As the first step in the decommissioning of sasCommunity.org the site has been converted to read-only mode.
Here are some tips for How to share your SAS knowledge with your professional network.
Tips:Counting and miscounting occurrences using SQL
Here's a simple question: How many company managers are not in the sales department? It sounds like a perfect candidate for an SQL sub-query. Count the number of managers who don't have an ID in the sales department.
proc sql; select count(distinct manager_id) 'Count of Non-Sales Managers' from company_master where manager_id not in (select employee_id from sales_department); quit;
In this particular situation, however, there's a catch. The company's CEO doesn't have a manager. Therefore, the CEO's manager_id value is missing in the company_master dataset. The SQL count function does not count missing values and the answer is wrong. The CEO, although being the highest level manager in the company, isn't counted.
One fix to this 'mis-count' is to add the counts of missing and existing values: Select count(distinct manager_id + nmiss(manager_id) 'Count of Non-Sales Managers'. But who would ever think of doing this when writing sub-queries? It's just not intuitive.

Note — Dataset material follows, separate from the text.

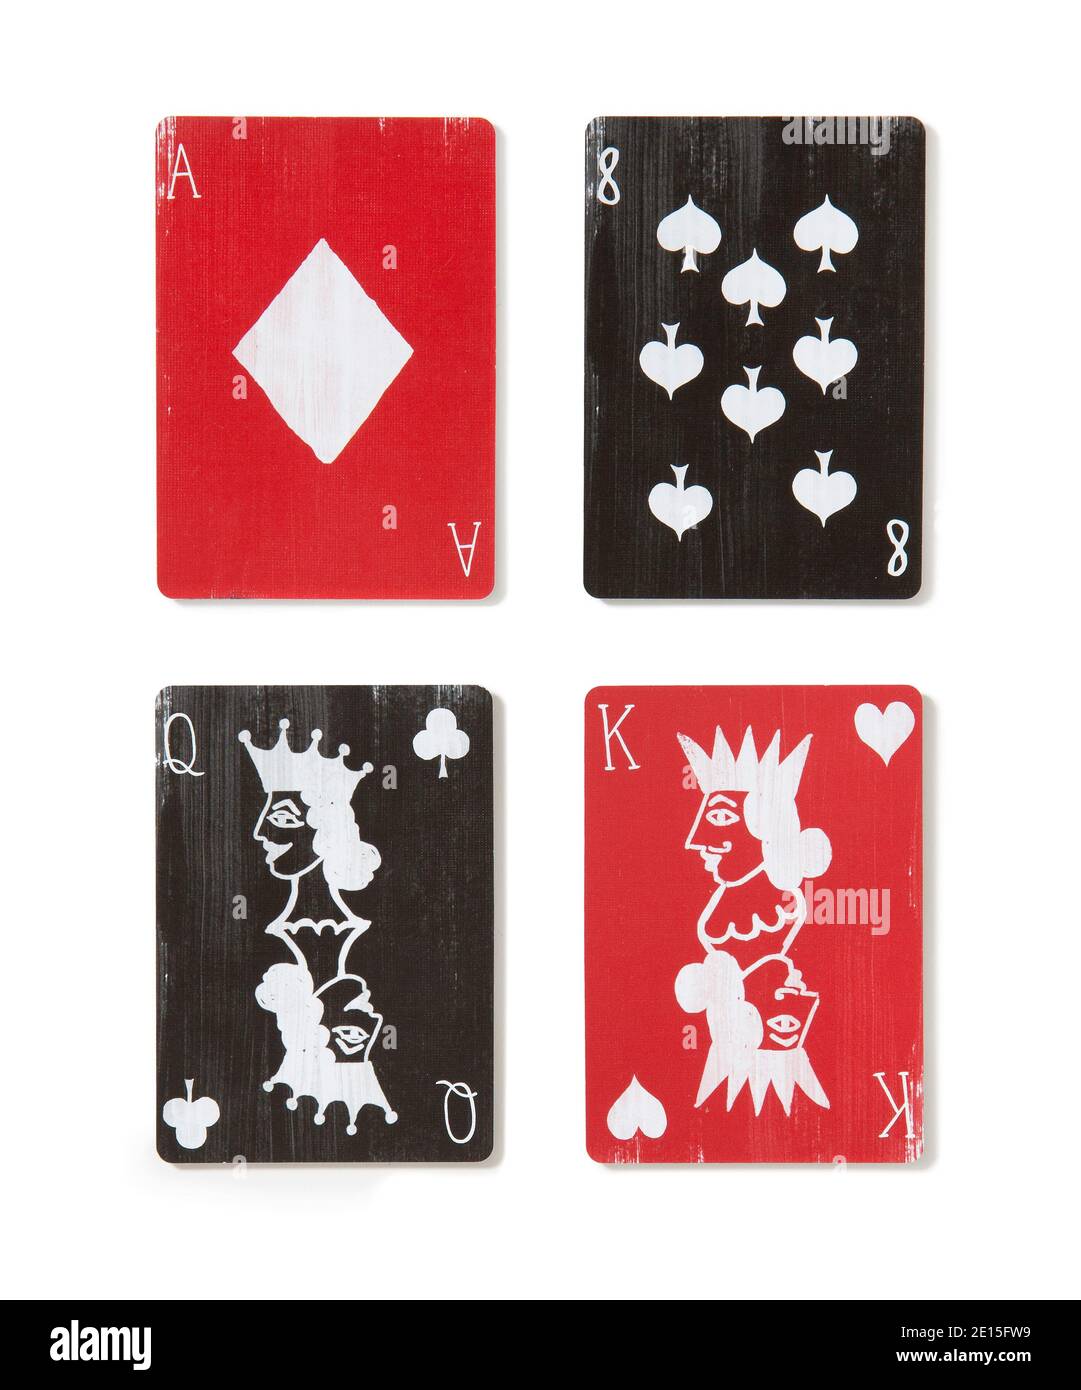 Cartes à jouer rouges et noires photographiées sur fond blanc Banque D'Images

Instead of using a sub-query technique, an inline view would count correctly and provide the correct answer. Why? Because an inline view counts occurrences, not values.
proc sql; select count(∗) 'Count of Non-Sales Managers' from (select distinct manager_id from company_master except all select employee_id from sales_department); quit;
Programmers like sub-queries. They are easy to understand. They build look-up lists which can be searched with the outer query. However, they may not be bulletproof. Inline views are almost as easy to understand and may be more reliable.